- Source data -

· · ·

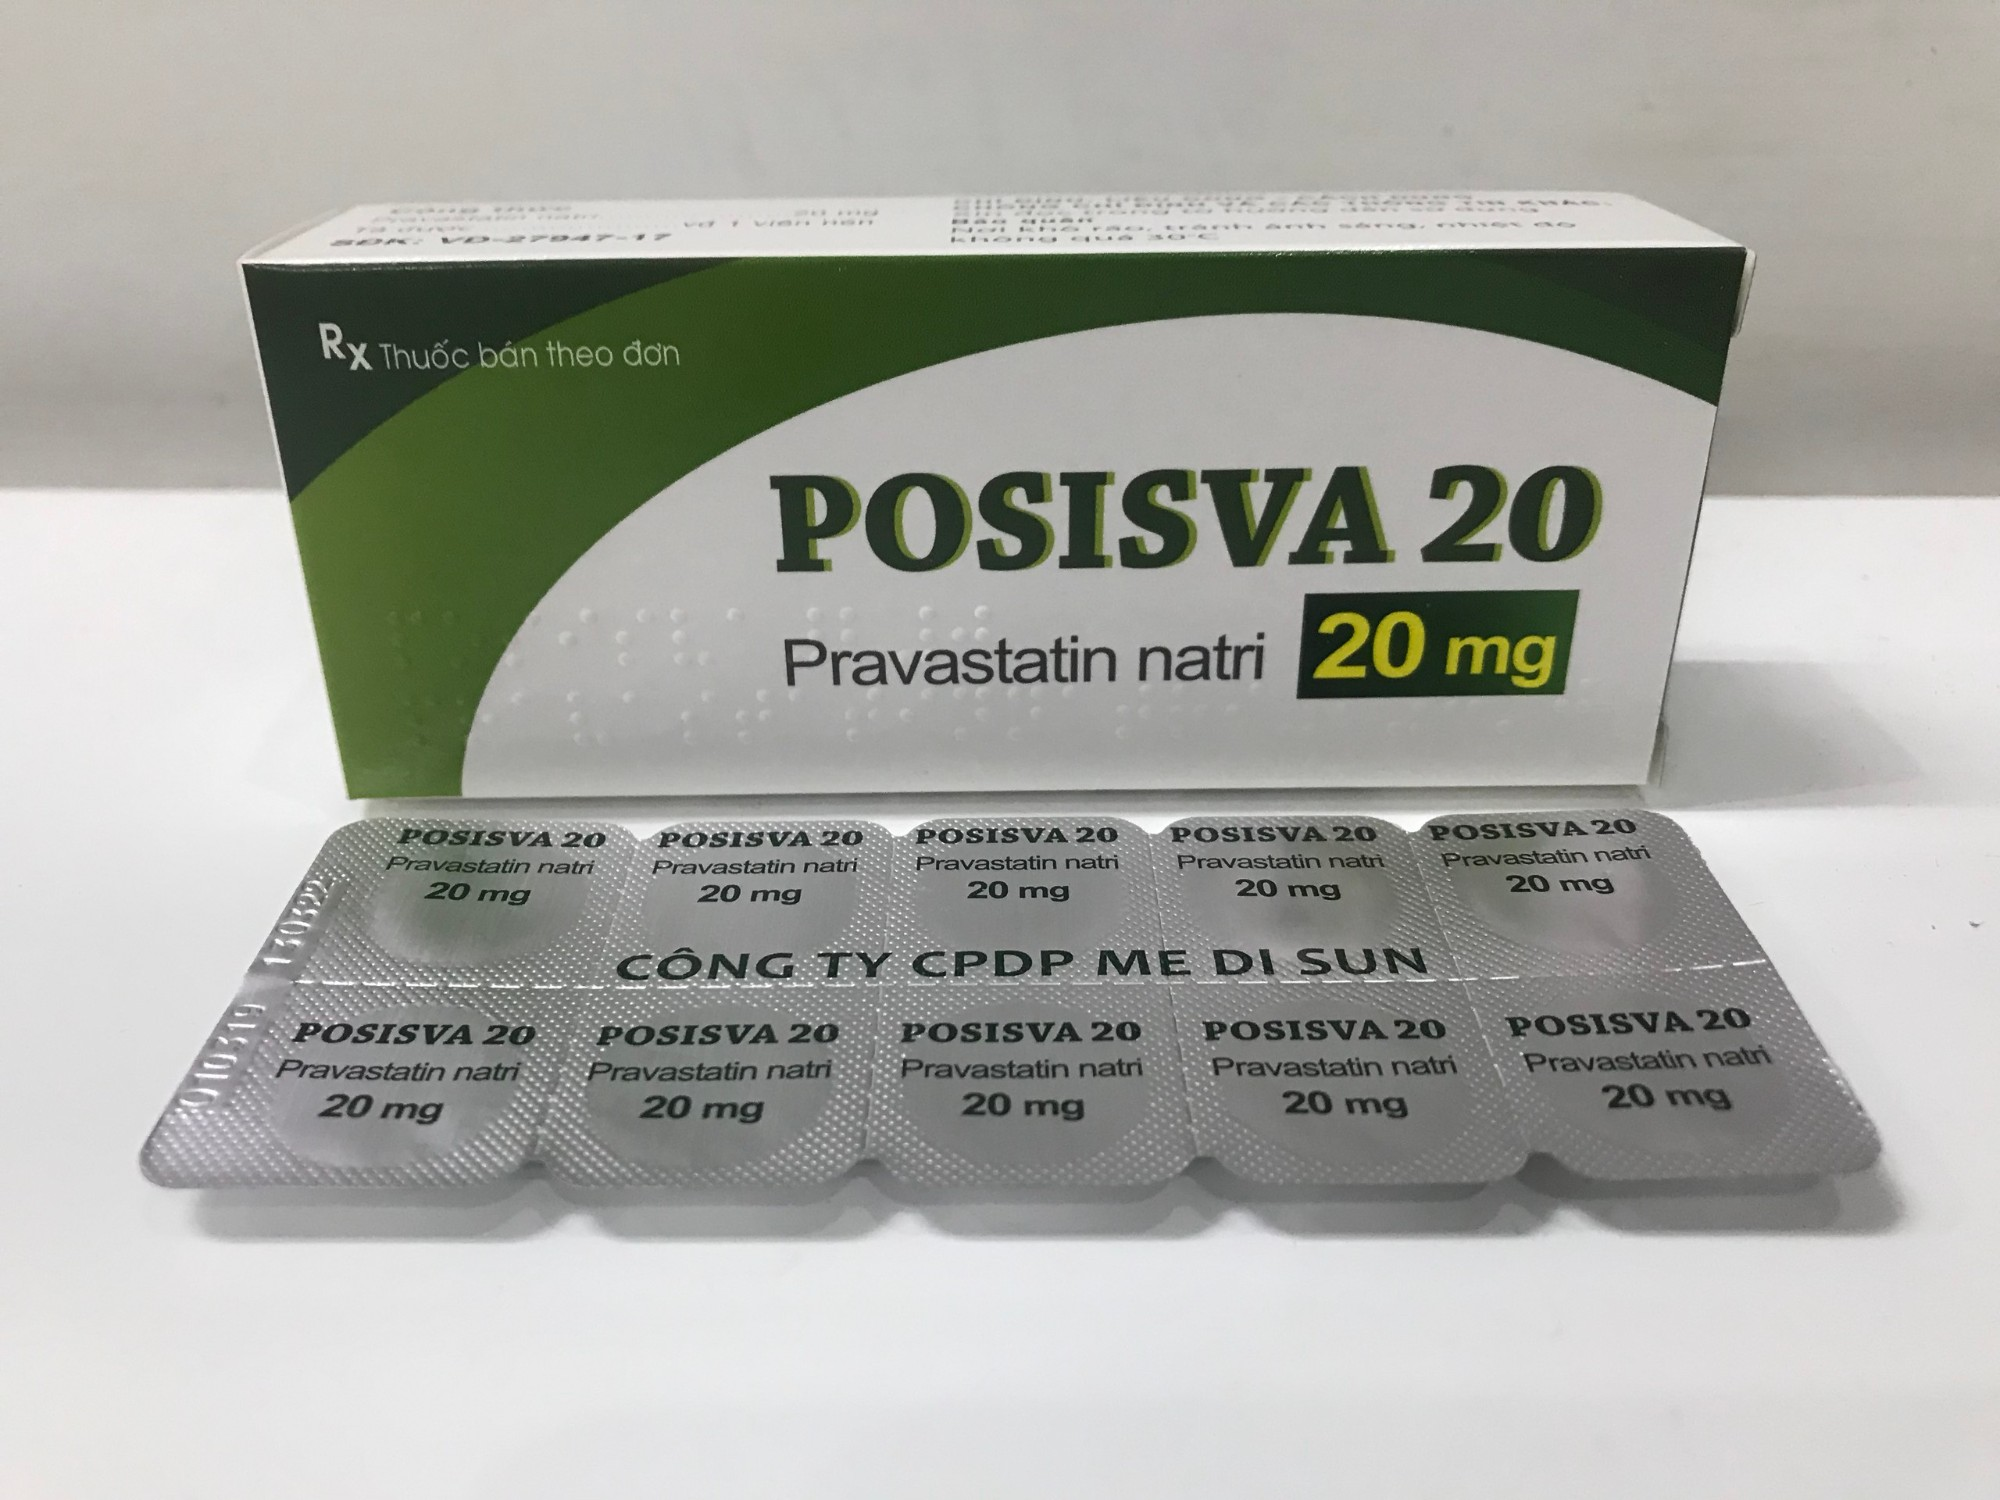 POSISVA 20 (Pravastatin 20mg)
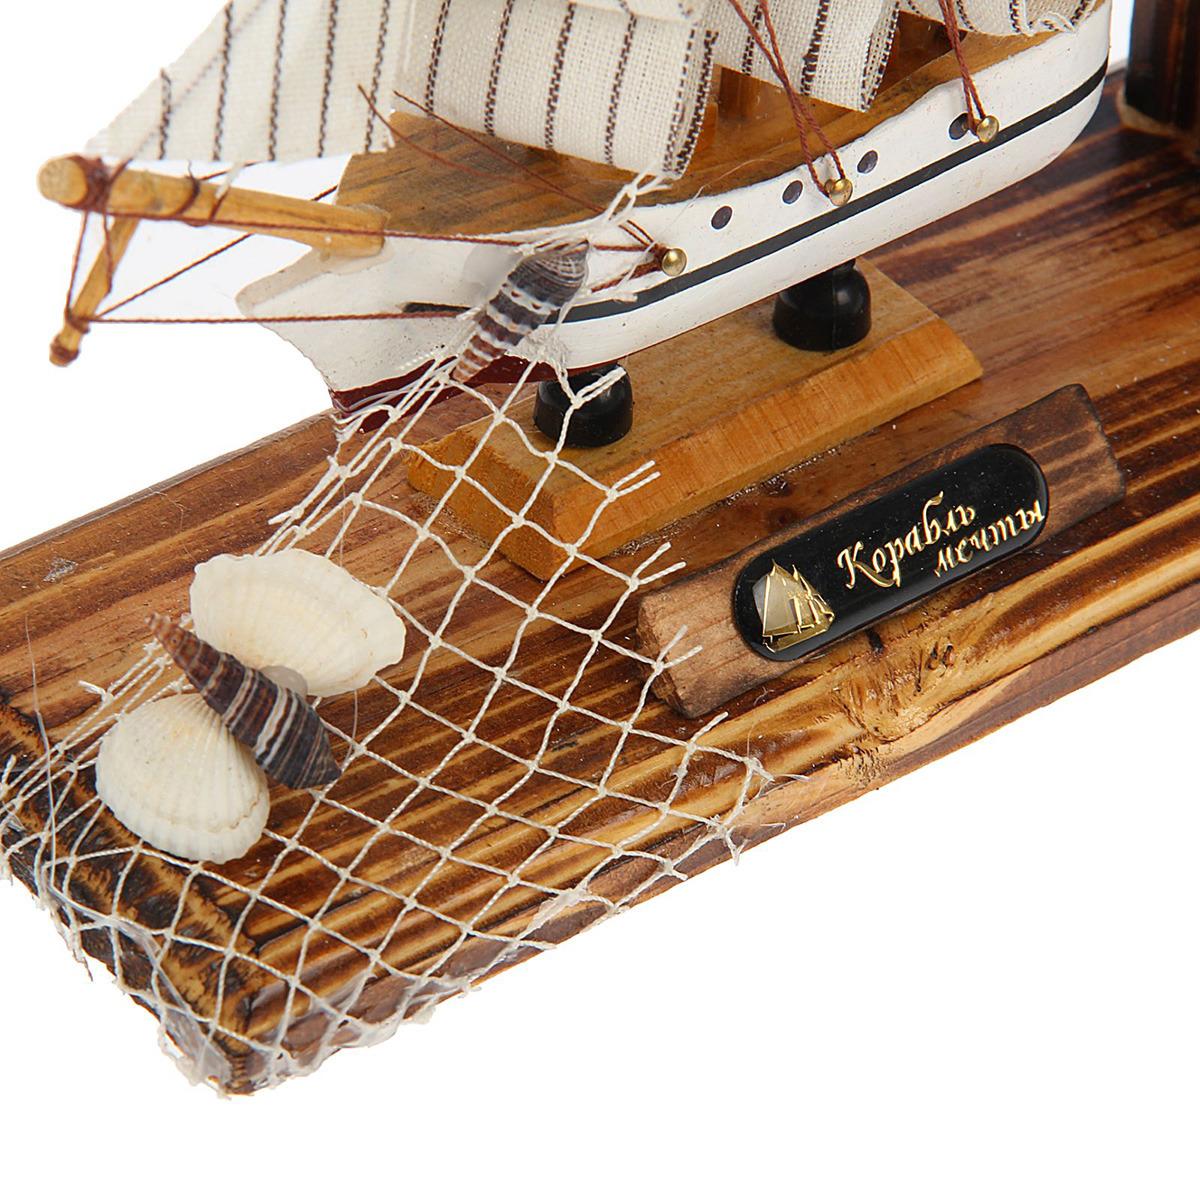 Подставка для визиток Корабль, с карандашницей, 1531152, коричневый, 15 х 22 см Иу Жусима Крафтс Кампани Лимитед
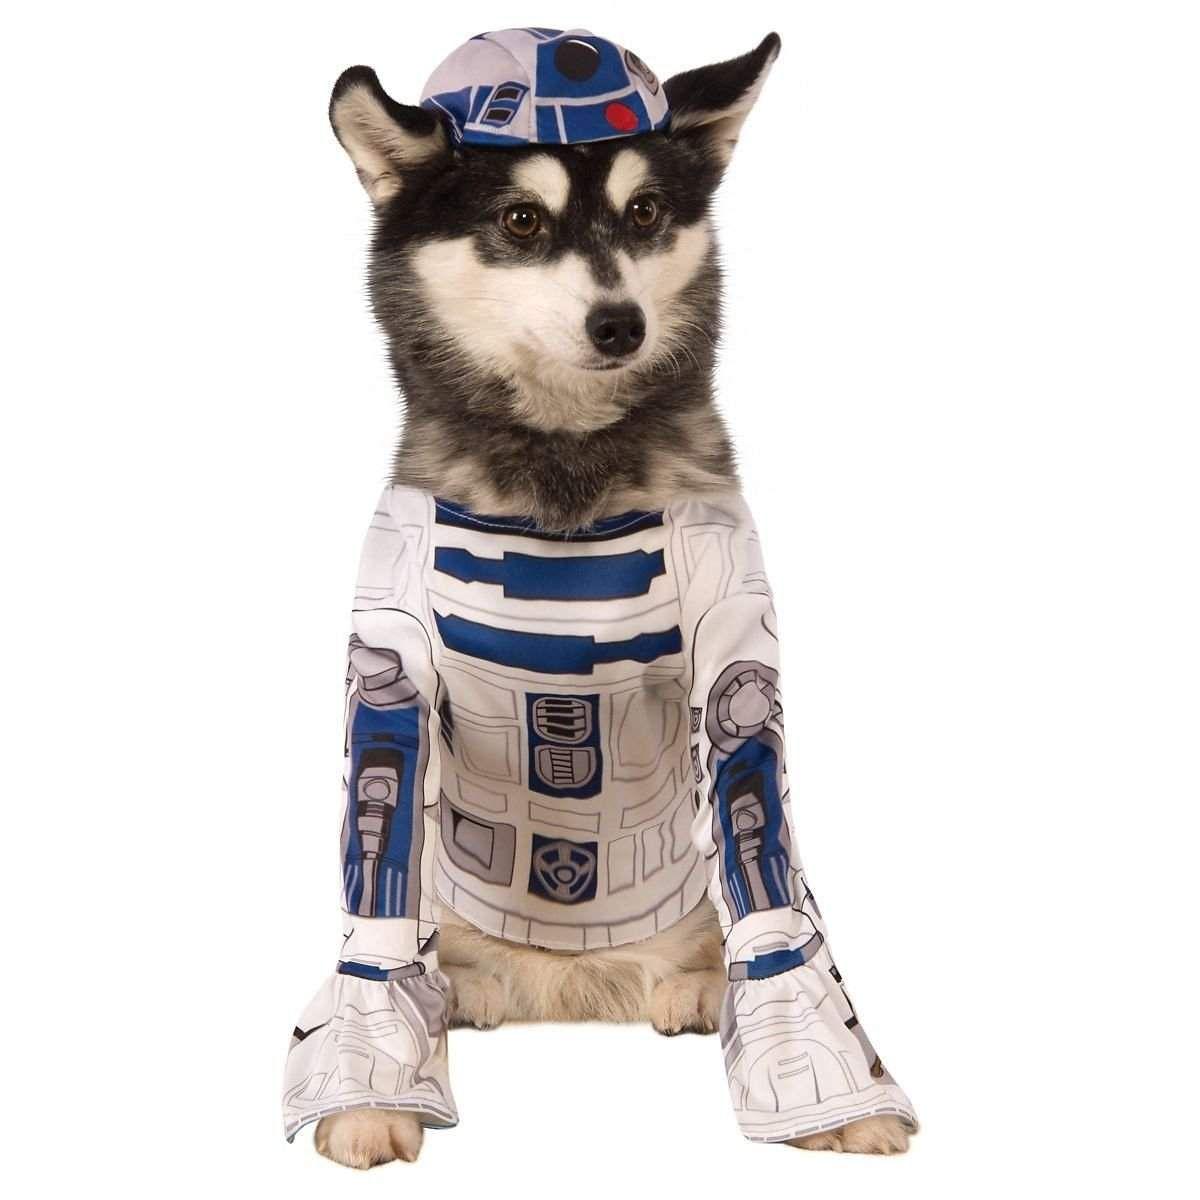 dog halloween costume, dog costumes, pet costumes, halloween
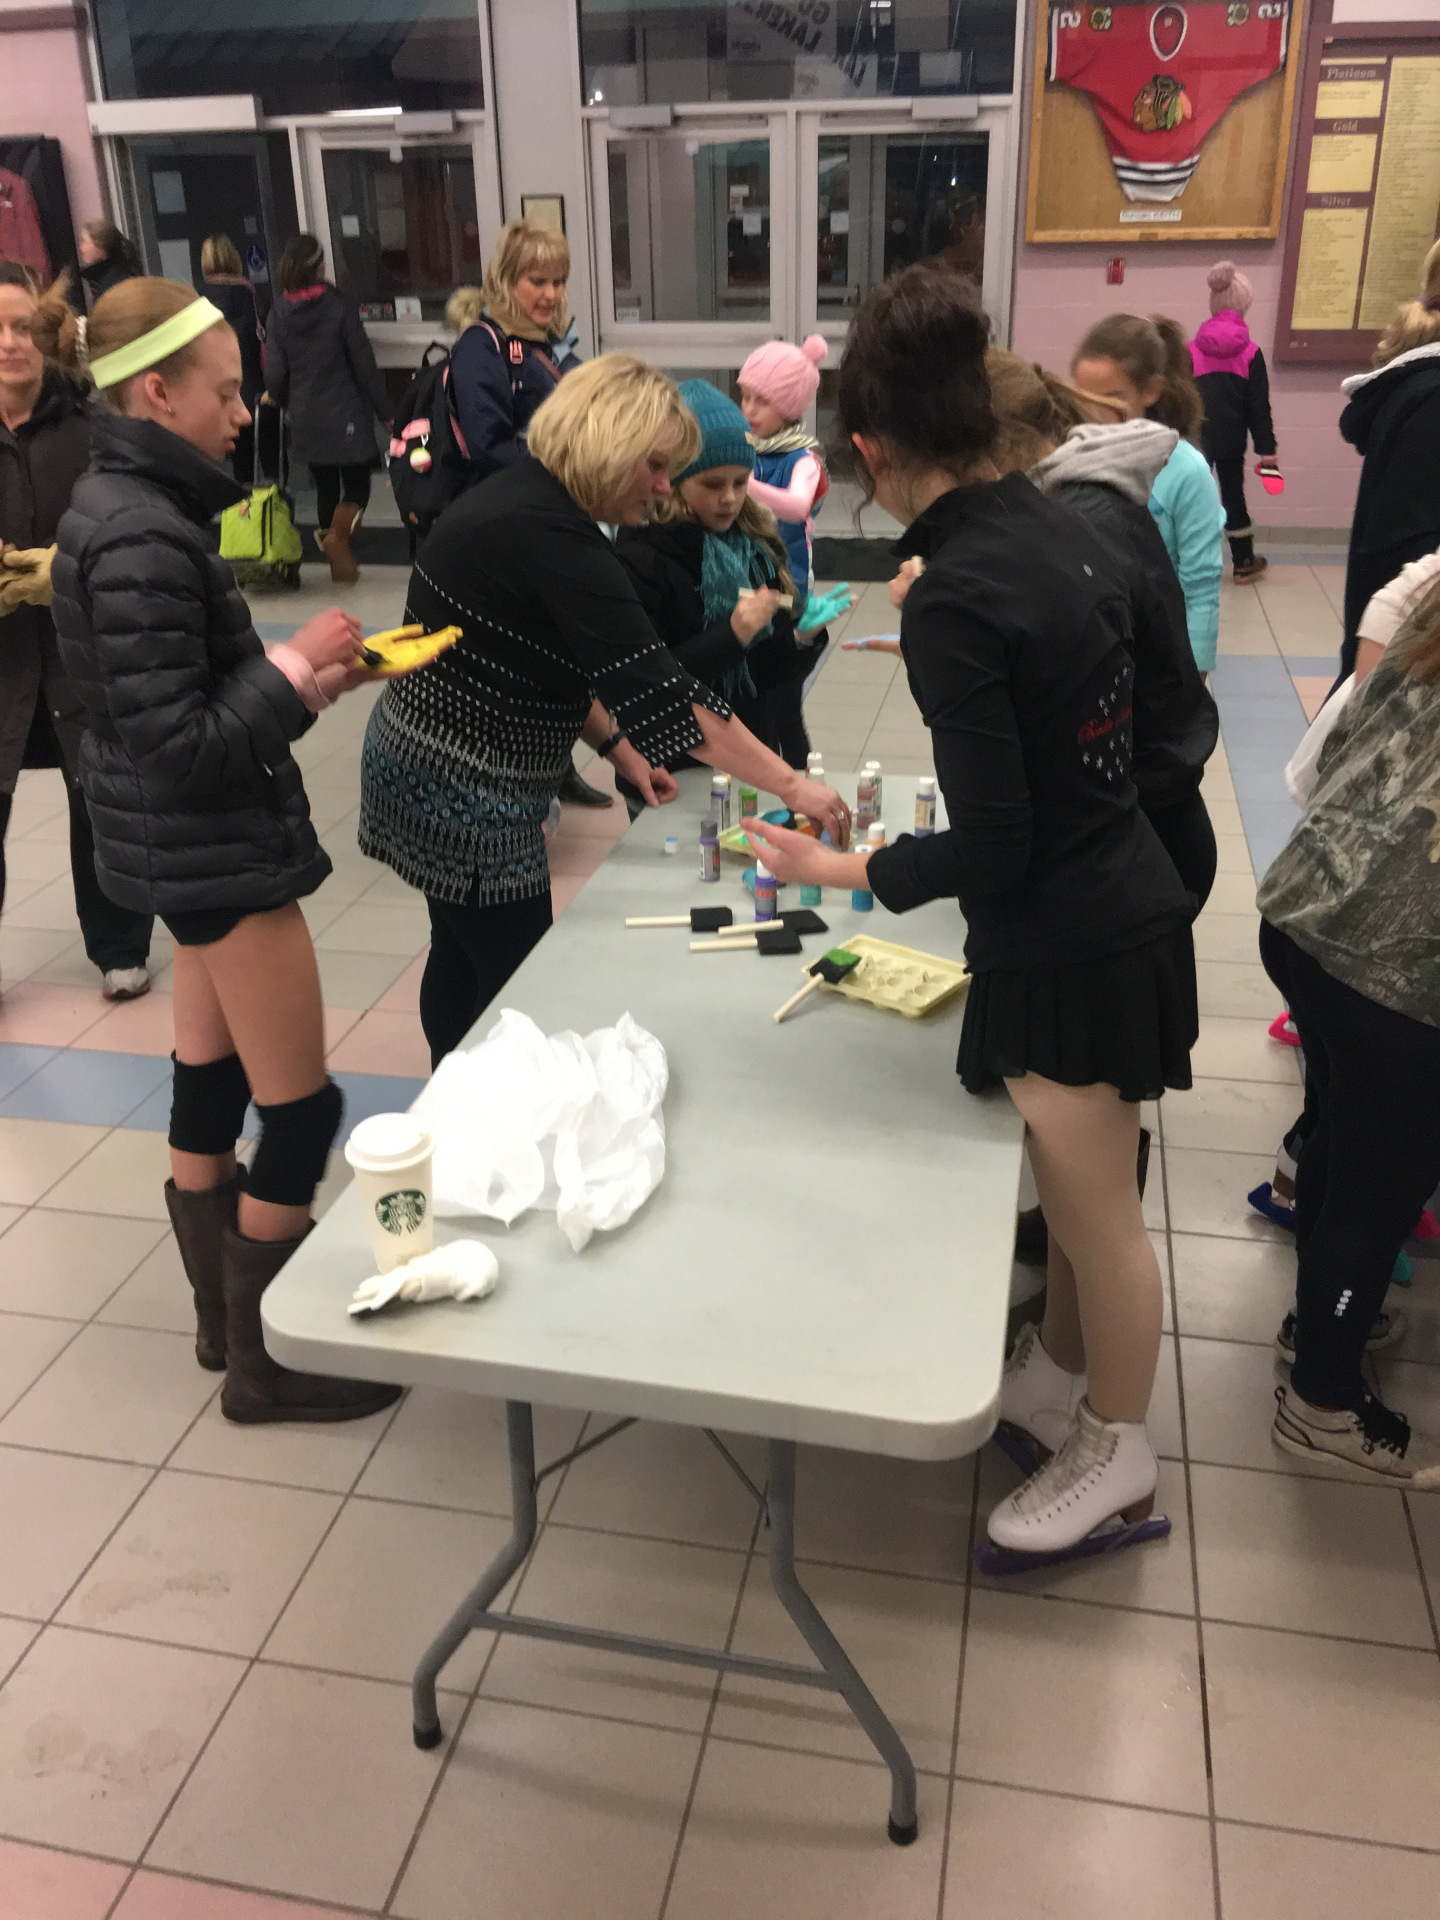 Club bonding - Making decorations for Regionals 2018

· · ·

Please repeat all of the data exactly, excluding images.

 POSISVA 20 (Pravastatin 20mg)
 Подставка для визиток Корабль, с карандашницей, 1531152, коричневый, 15 х 22 см Иу Жусима Крафтс Кампани Лимитед
 dog halloween costume, dog costumes, pet costumes, halloween
 Club bonding - Making decorations for Regionals 2018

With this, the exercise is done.